I remember the day I heard the news.
“A cure! Hope returns!” It was the headline plastered around the world.
I swore when I came back from Europe after the Second World War I’d never kill another man again. Even if it meant my own death. I’d let them kill me.
I had no family. No children. So there was no one worth protecting.
Then on December 26th 1947 the first of the dead started to rise. It was in New York City.
I was there. Trying to get to Madison Square Garden to see a young man named Jack Kramer play his first professional tennis match. He was up against Bobby Riggs.
That day Mother Nature dropped the largest snowfall in the history of the City. 27 inches. Transportation was paralyzed. The City had never been so quiet.
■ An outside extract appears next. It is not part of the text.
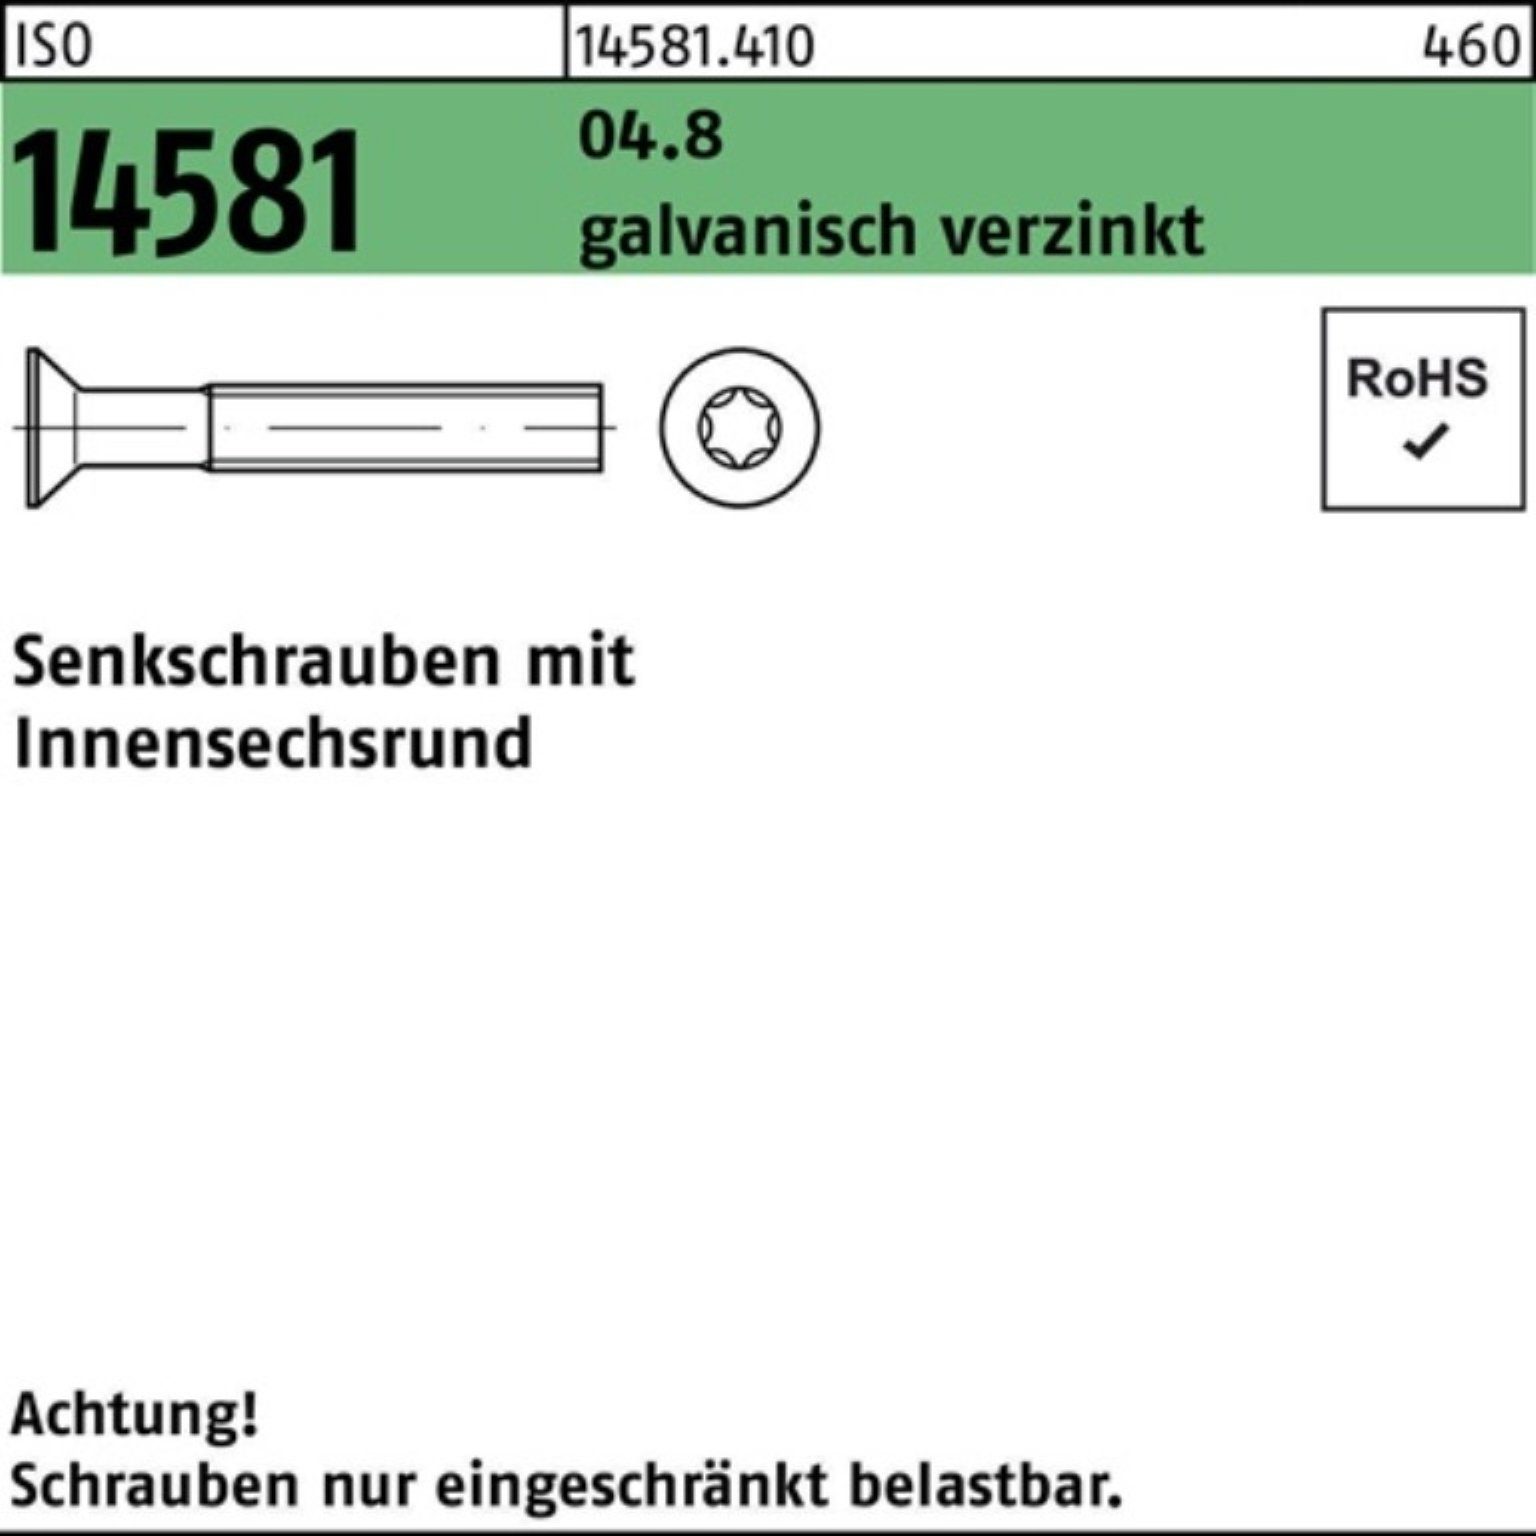 Reyher Senkschraube 1000er 14581 ISR galv.verz. 04.8 1000S ISO Senkschraube Pack T25 M5x30

I got the idea from a kid. He was skiing down the street.
I’ve seen a lot—death, war, the dead rising—yet that image of a vacant 6th Avenue, blanketed white as more snow cascaded down, and the Empire State Building towering in the distance—that calm in a space that was typically chaos—settles my heart.
Anyway, I bought the kid’s skis, made my way to the garden, and found the place at capacity. The world outside was hibernating, but somehow every ticket holder was in attendance.
The match never finished. The screams started. I don’t know if the first one _turned_ inside the Garden or came in from the subway—but I do know I wasn’t fast enough to kill him.
The lights flickered twice, casting weird shadows on the corridors, but stayed on for the moment, as if deciding whether to abandon us.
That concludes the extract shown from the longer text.